The appellant was heavily involved, indeed was at the centre in the United Kingdom of terrorist activities associated with Al Qa'ida. He is a truly dangerous individual."
In 2007, SIAC found:
"[Othman's] views on the use of violence in the UK have, we accept, hardened, and his expressions of them do encompass the legitimacy of attacking people in the UK. "
In addition to his importance to Al Qa'ida, he has connections with other terrorist groups. To the limited extent that he has even attempted to refute the contention, his assertions were described by SIAC in the past as "wholly deceitful".

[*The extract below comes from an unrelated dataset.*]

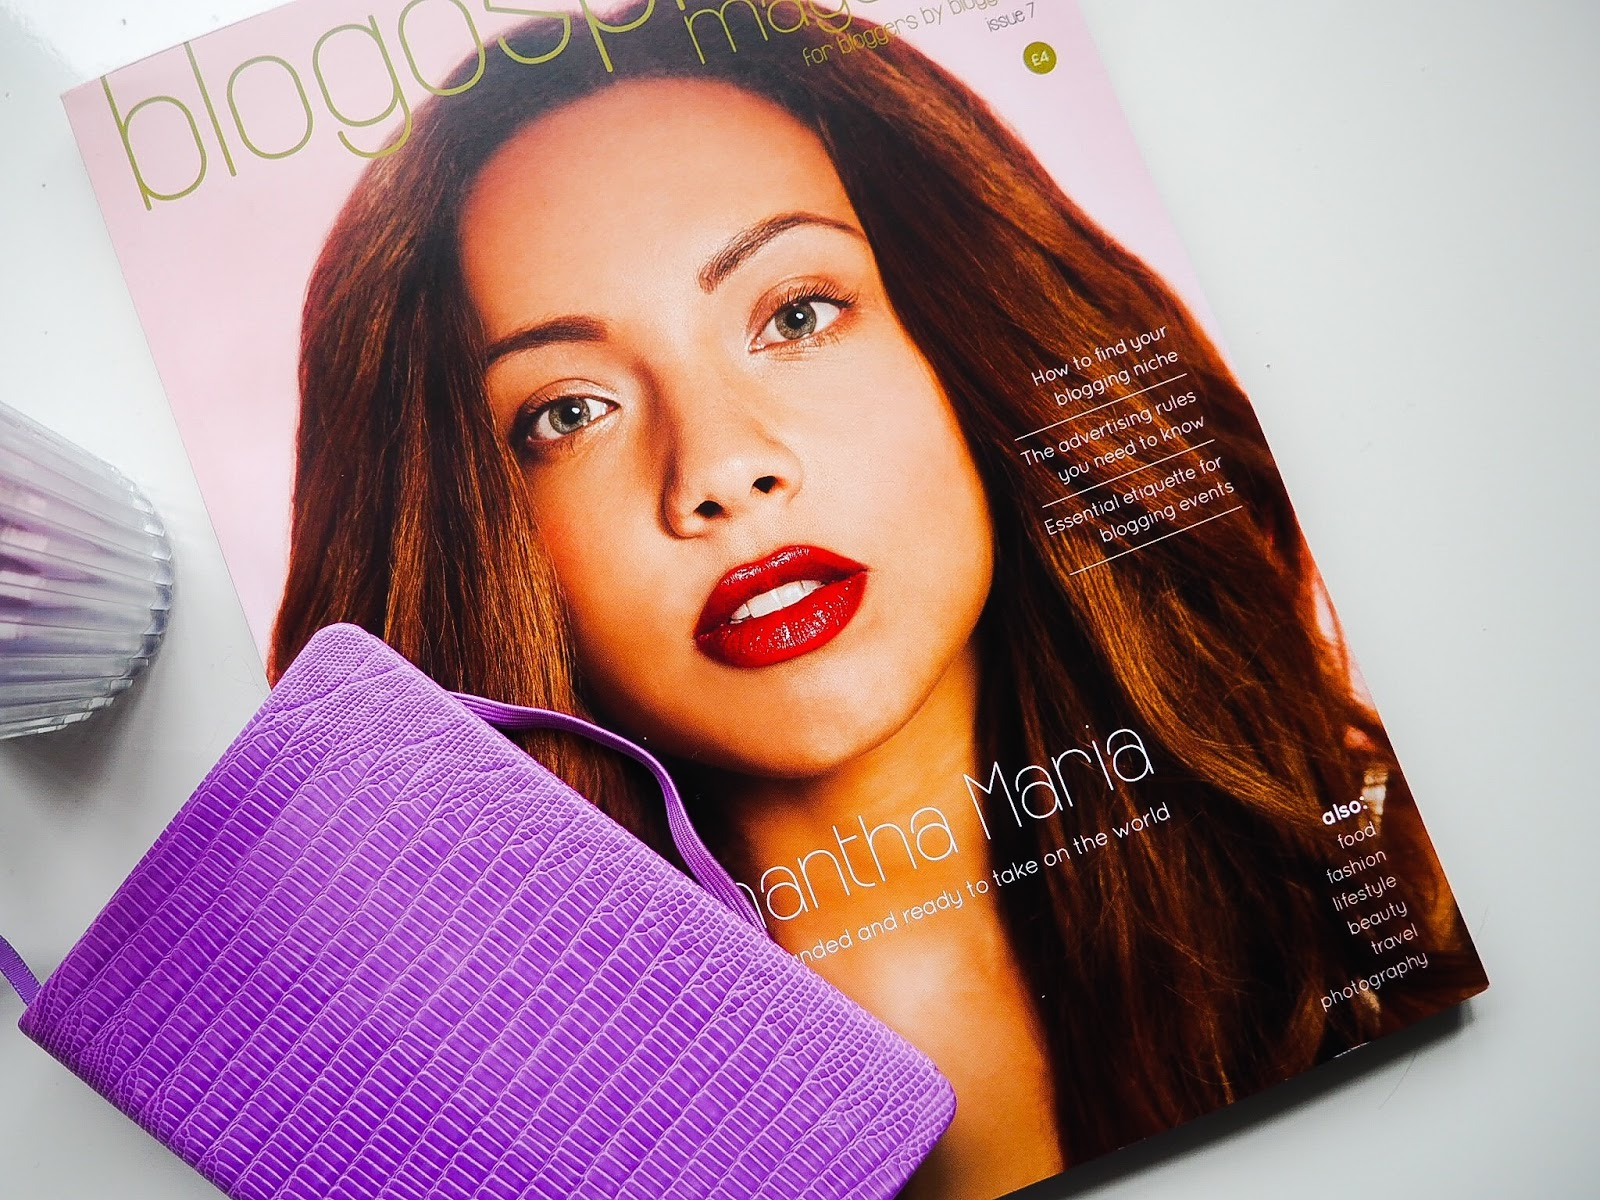 Blogosphere magazine issue 7 blog post samantha maria bloggers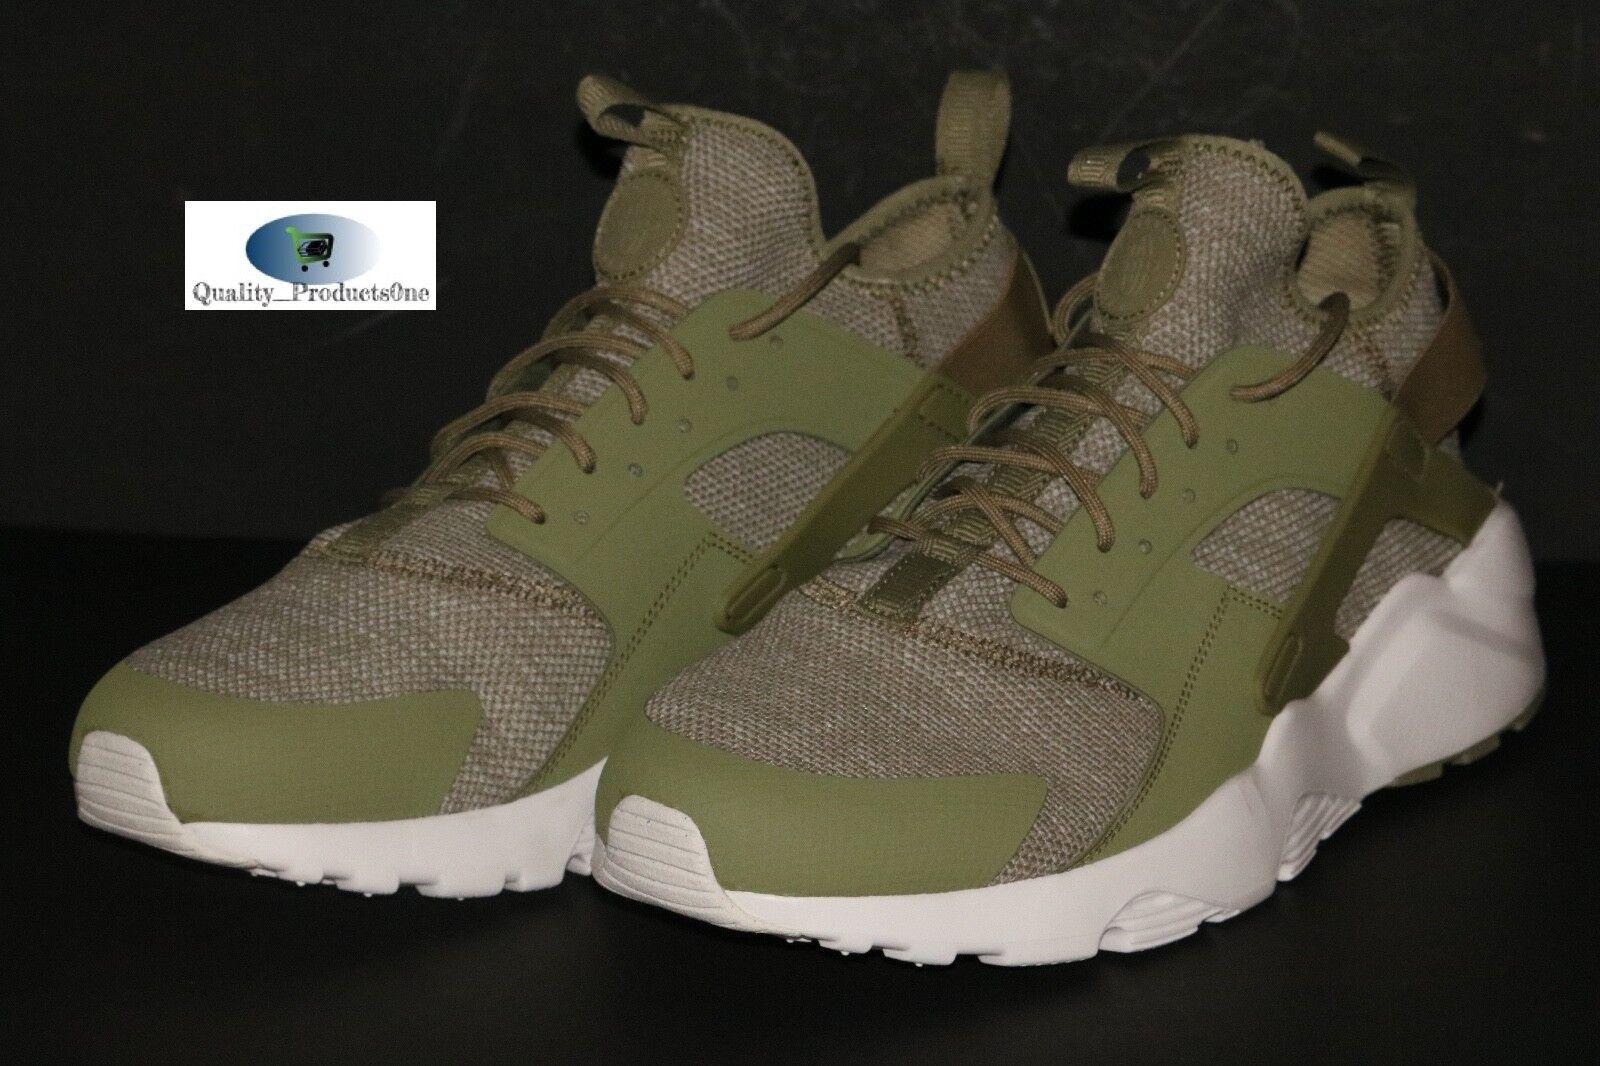 b6128ae487d1 Nike Air Huarache Run Ultra BR Men Lifestyle SNEAKERS Trooper 833147 ...

B The claimant then applied to SIAC on 28 May for bail. Mitting J refused the application. His decision of that date must be read with his earlier decision to like effect on 17 April this year, and with previous decisions in relation to the claimant on 8 May 2008 and 2 December 2008. He had a good deal of information about the exceptional risk to the public which the claimant poses. He found additionally that:
i) the end of the litigation was in sight and ought to come soon after the October SIAC hearing, with a decision one way or the other on the factual question whether there remained a real risk that a re-trial in Jordan would be a flagrant denial of justice as a result of the admission of the product of torture; and
ii) there was an increased risk of the claimant absconding, if granted bail, as the reality of deportation approached; in the past he successfully went into hiding to avoid looming detention under ATCSA, and had remained at large for some ten months; recent public threats from various Al-Qa'ida sources suggested the likelihood of active support in absconding from those well able to provide any necessary facilities to him; he was found in the past to have ready access to false documents and to money; and
iii) there was a particular difficulty in managing conditions of bail and in coping with any absconding during the period of the Olympic and Paralympic Games, with their greatly increased demands on the police and security services.
"I think it is important to emphasise the limited consequences…of my holding that SIAC is subject to judicial review jurisdiction. A final determination of an appeal by SIAC is by SIACA s 7 subject to appeal to the Court of Appeal. It is elementary that judicial review is a discretionary remedy of last resort. Accordingly it will not be deployed to assault SIAC's appealable decision. Not of course for want of jurisdiction but because the court's discretion should not be so exercised. Nor will it go to interlocutory decisions on the way to such a determination, at least without some gross and florid error. As for bail, the court will not allow judicial review to be used as a surrogate means of appeal where statute has not provided for any appeal at all. In a sensitive area where a tribunal is called on to make fine judgments on issues touching national security, I would anticipate that attempts to condemn the refusal (or grant) of bail as violating the Wednesbury principle will be doomed to failure. A sharp-edged error of law will have to be shown."